Dieses Mädchen hatte den Award für 'Allerbeste Freundin ever' verdient.
Da nun also alle Leute damit beschäftigt waren, zu sehen, wie sie jetzt Lisa einen Kuss gab, da es natürlich sie getroffen hatte. Ich fragte mich, ob sie es absichtlich so gedreht hatte, damit wir uns später darüber unterhalten konnten, wie widerlich es war, sie zu küssen.
Warum die Jungs da wohl nicht 'gay' schrien, sondern eher ihre Kameras zückten? Hm.
Letztendlich schaffte ich es, den Blick etwas zu heben und traf dabei direkt auf Vishous kalte Augen. Er sah beleidigt aus. Mehr als das. Traurig.
Genauso gefiel mir das.
Mit einem Schaudern streckte ich ihm die Zunge raus und nippte an meinem Mischgetränk, während die anderen weiterspielten. Vishous schien plötzlich etwas übermotiviert weiter zu machen, aber ich hatte keine Lust mehr.

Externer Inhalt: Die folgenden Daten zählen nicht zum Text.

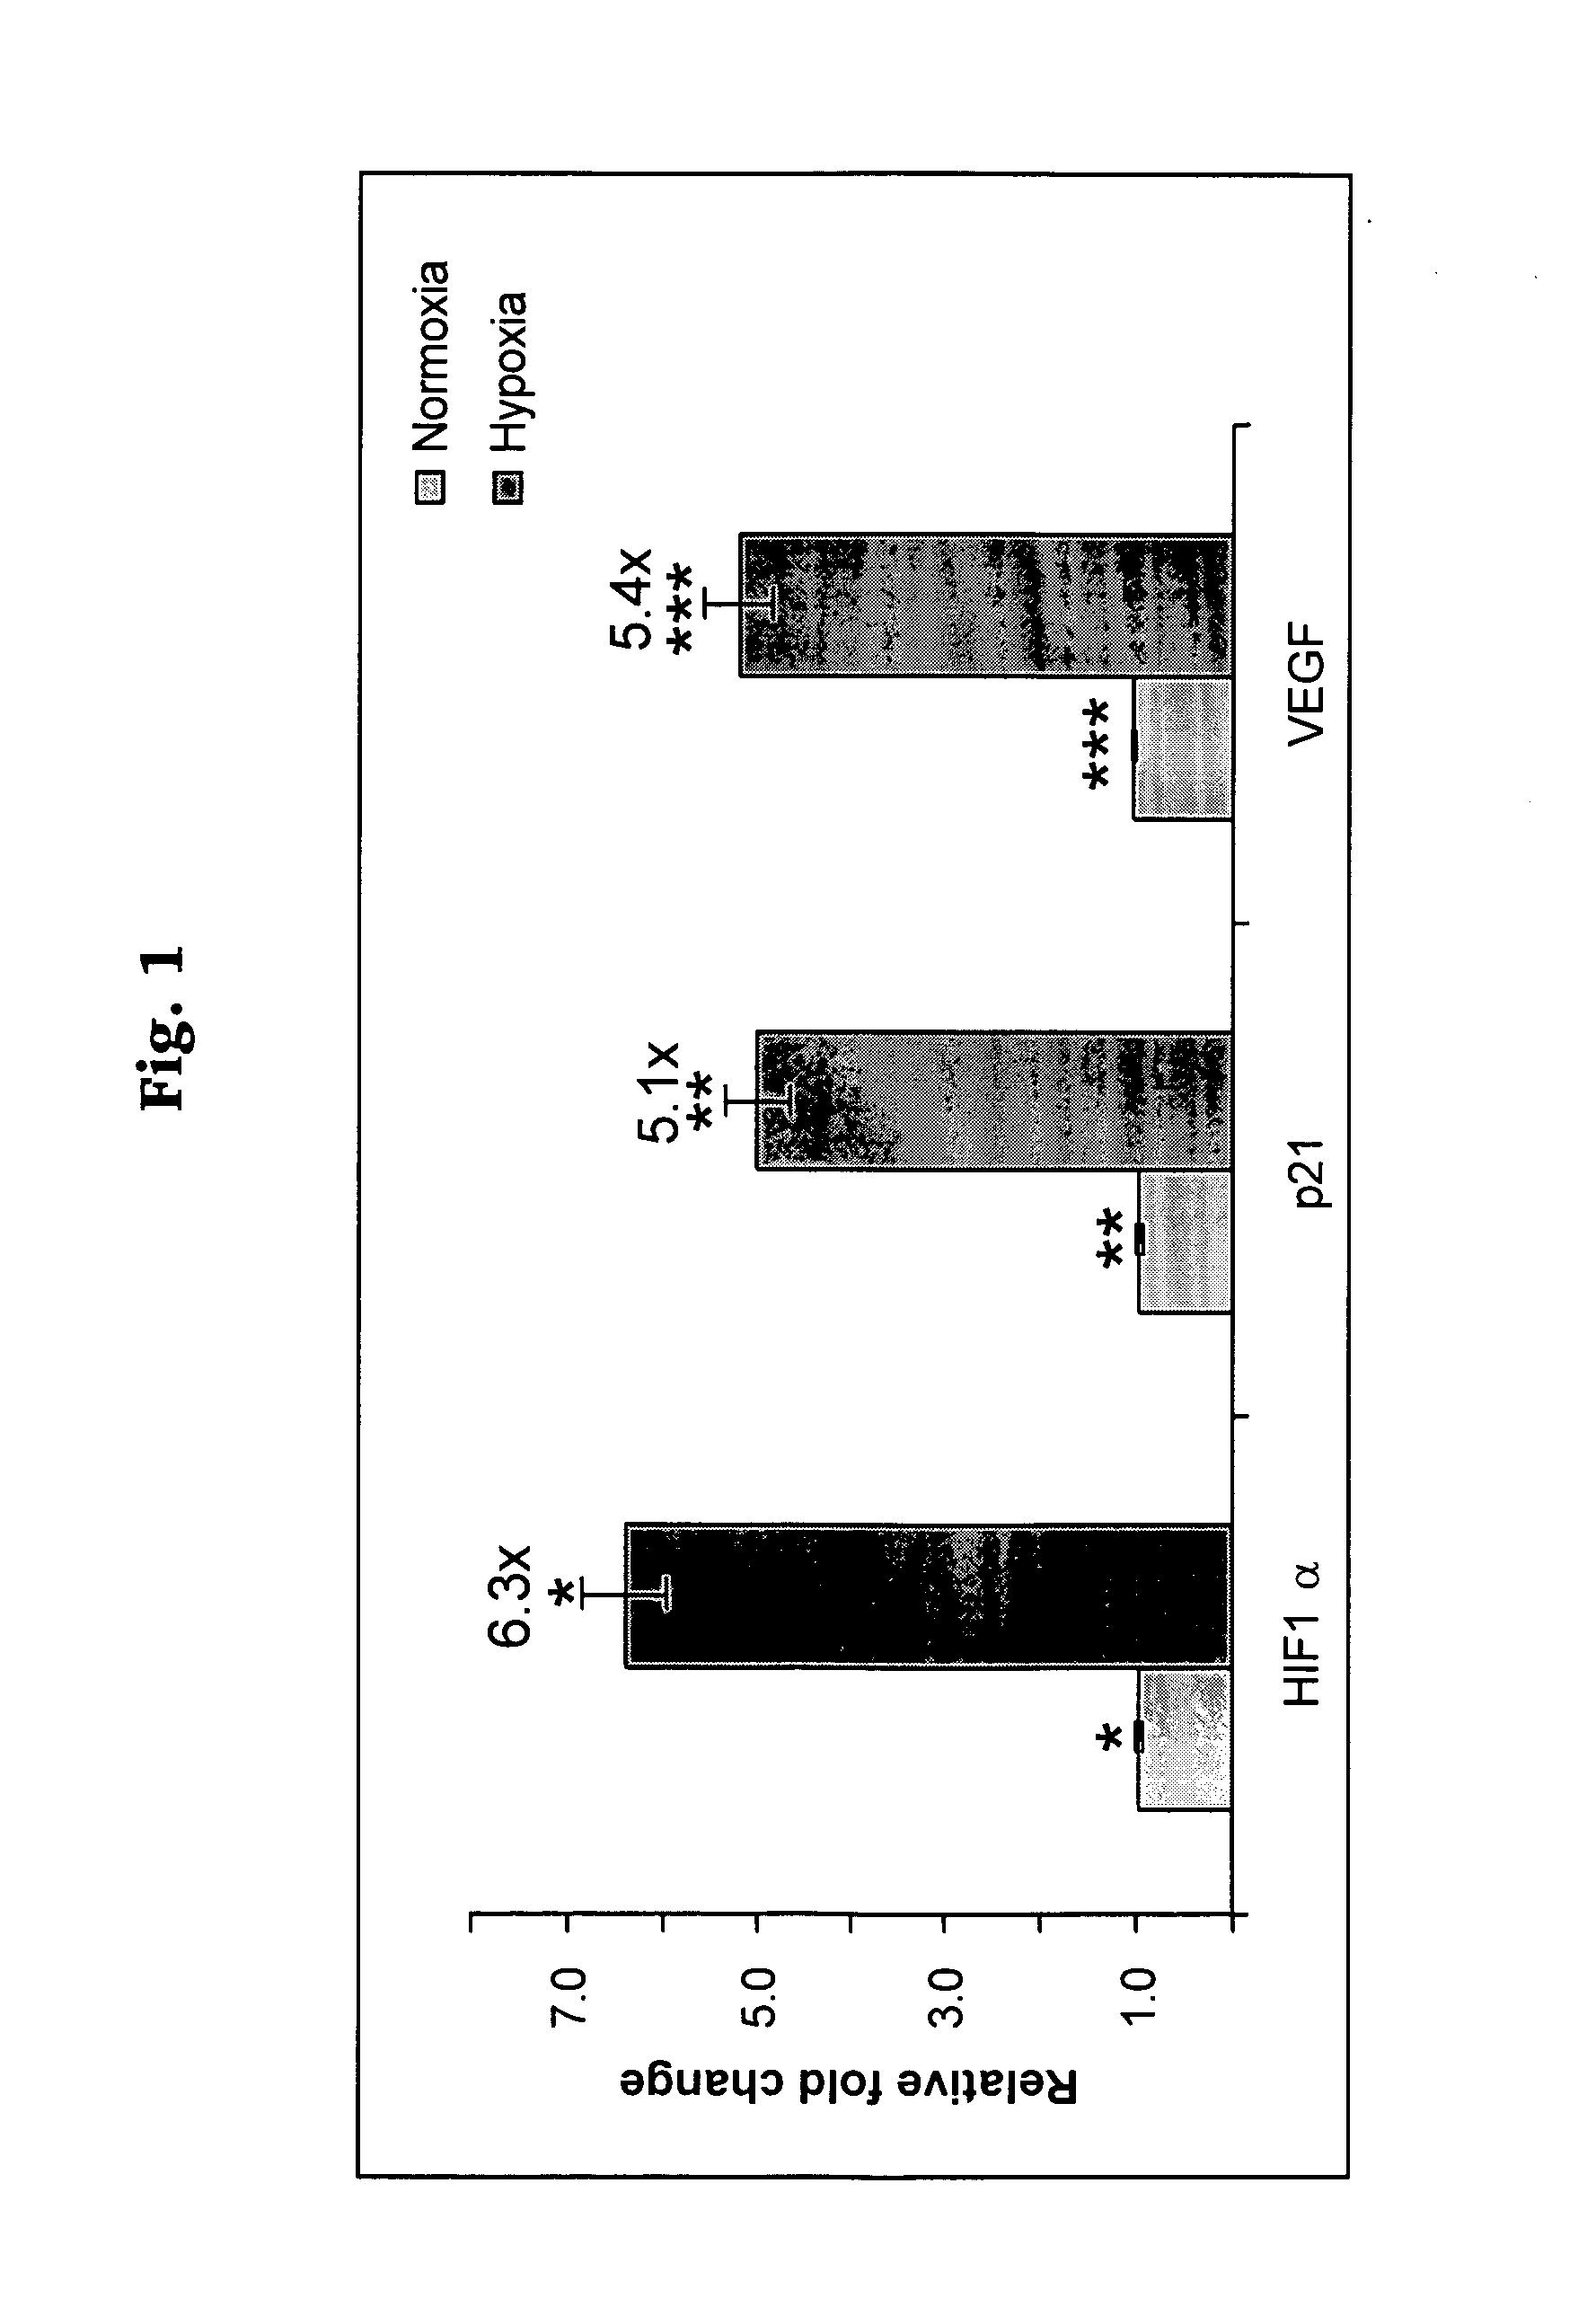 Hypoxia targeted compounds for cancer diagnosis and therapy

Ich gab Lisa den Blick, der hieß, dass jetzt Beste-Freunde-Klopause war. Nein, das hatte ich nicht erfunden. Genaugenommen war es auch eher ein 'Krisen-Meeting. Jetzt.'-Blick.
"Und, wie küsst sich die Giftschlange so?", scherzte ich, als ich mich gegen das Waschbecken lehnte, während Lisa es sich auf dem geschlossenen Toilettensitz bequem machte.
"Als würde man ein verdautes und wieder ausgekotztes Minzbonbon ablecken. Ein Hauch Rose von ihrem fünflagigem Lippenstift war auch dabei." Sie sah zu mir hoch.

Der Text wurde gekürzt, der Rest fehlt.